Лукулл бросил на Цезаря испепеляющий взгляд.

— Не буду тебя обвинять, Цезарь, но и хвалить не стану. Очень кратко я сообщу в Рим о сражении при Траллах и опишу его как проведенное азиатскими гарнизонами под местным командованием. Твое имя упомянуто не будет. Я не возьму тебя в свой штат и не разрешу ни одному губернатору принимать тебя к себе.

Цезарь слушал с деревянным лицом и устремленным вдаль взглядом, но когда Лукулл резко показал ему на дверь, выражение лица Цезаря изменилось, стало упрямым.

— Я не настаиваю на том, чтобы меня упомянули в докладах как командира азиатских войск, но я категорически настаиваю на том, чтобы в докладе было указано, что я участвовал в кампании на Меандре. Если меня не упомянут, я не смогу считать это моей четвертой кампанией. Я намерен отслужить десять кампаний, прежде чем выдвину свою кандидатуру на квестора.

Лукулл удивленно посмотрел на Цезаря.

— Тебе не обязательно быть квестором! Ты уже в Сенате.

— По закону Суллы, я должен послужить квестором, прежде чем стать претором или консулом. А прежде чем стать квестором, я должен участвовать в десяти кампаниях.

— Многие выбранные квесторами никогда не участвовали в обязательных десяти кампаниях. Сейчас не время Сципиона Африканского и Катона Цензора! Никого не будет интересовать, в скольких кампаниях ты участвовал, когда твое имя появится в списках кандидатов в квесторы.
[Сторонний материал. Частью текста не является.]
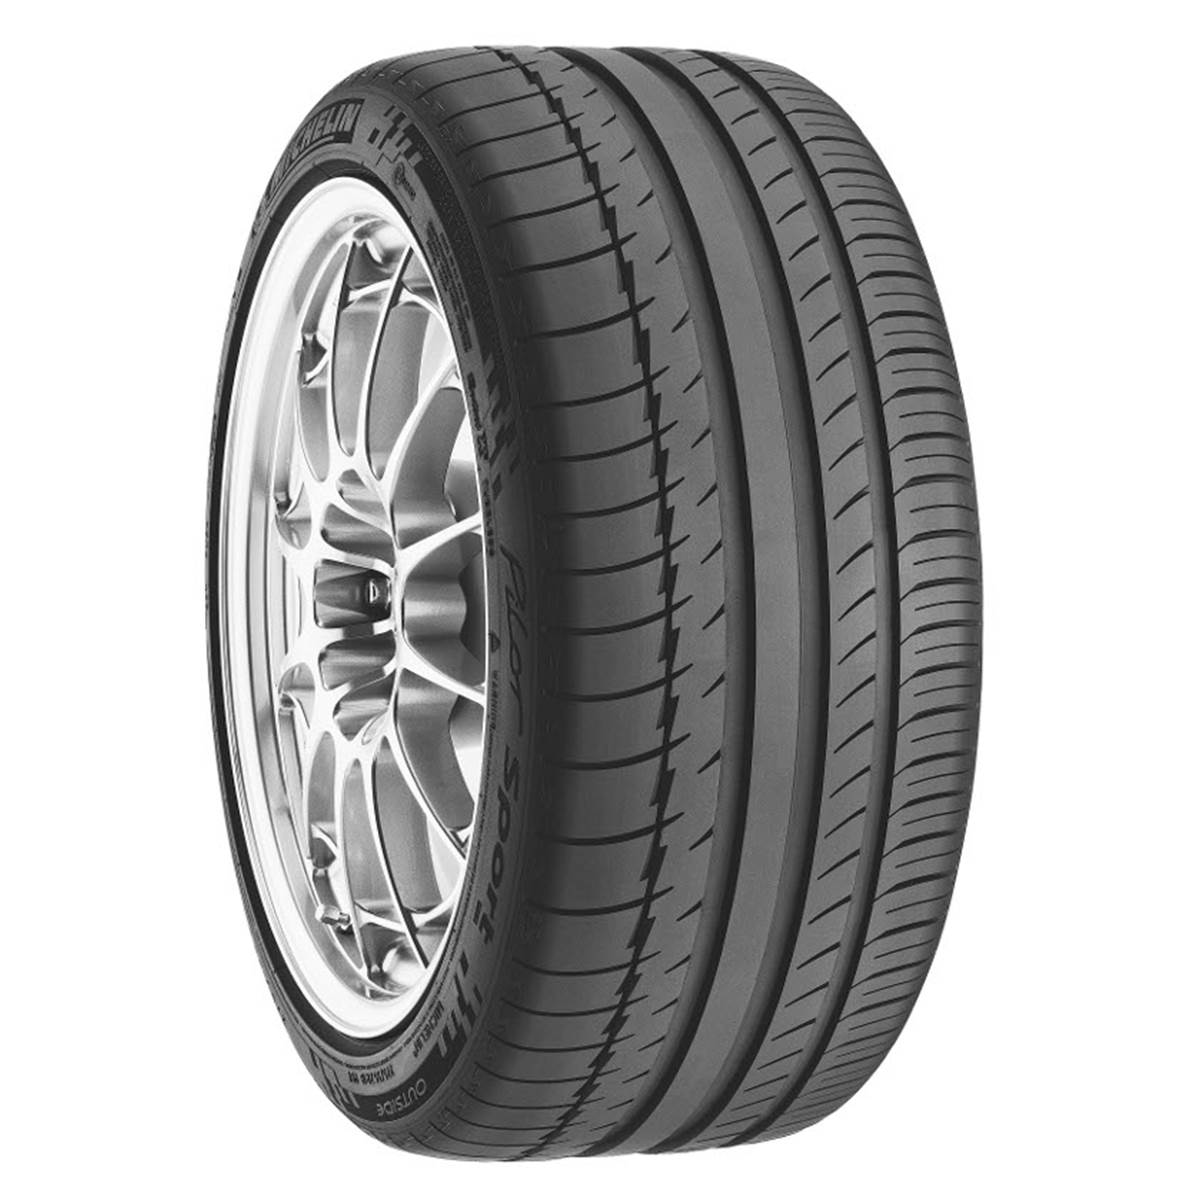 Pneu Michelin 225/45R17 94Y Pilot Sport Ps2 XL
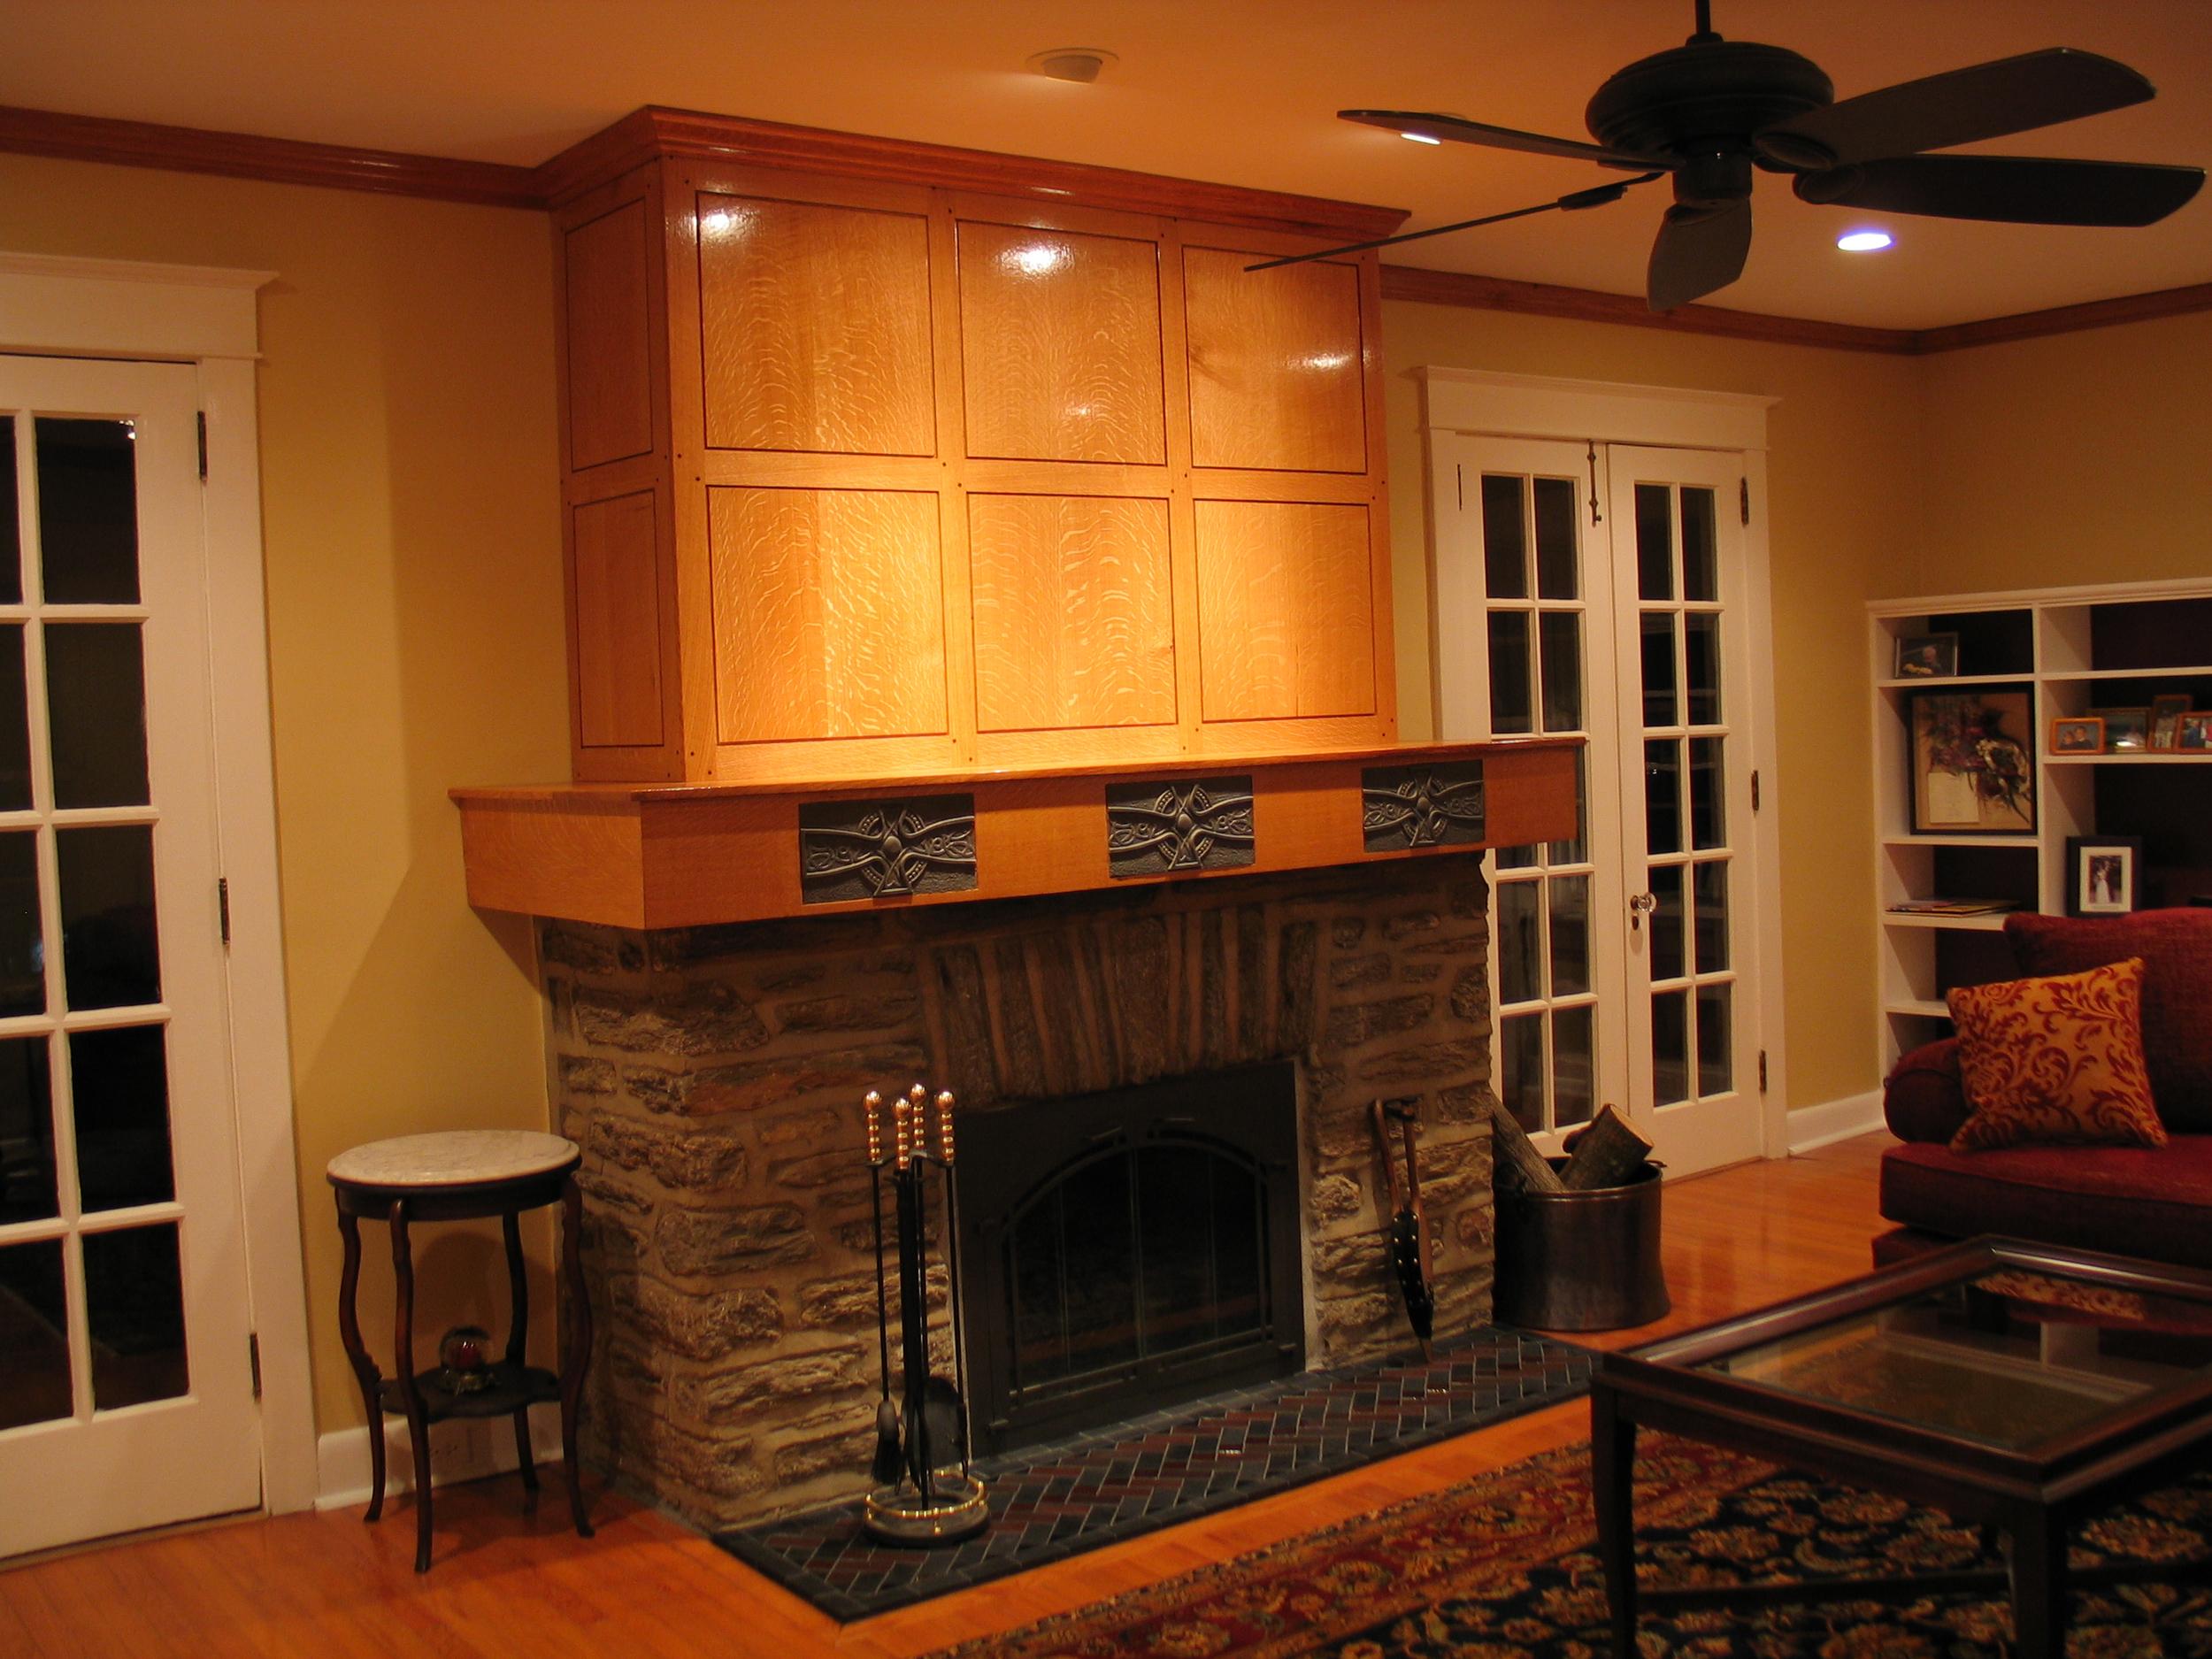 Quarter-sawn White Oak Fireplace and Mantel

— В моем случае, — твердо сказал Цезарь, — кто-нибудь непременно сосчитает мои кампании. Мой образ жизни определен. Мне ничего не будет дано даром, и многое — вопреки жестокой оппозиции. Я стою над остальными, и я превзойду остальных. Но никогда, клянусь, я не пойду против конституции. Я буду подниматься по cursus honorum точно в соответствии с законом. И если в моем послужном списке будут десять кампаний, в первой из которых я заслужил гражданский венок, тогда я возглавлю список квесторов. И это единственное место в списке, приемлемое для меня после стольких лет пребывания сенатором.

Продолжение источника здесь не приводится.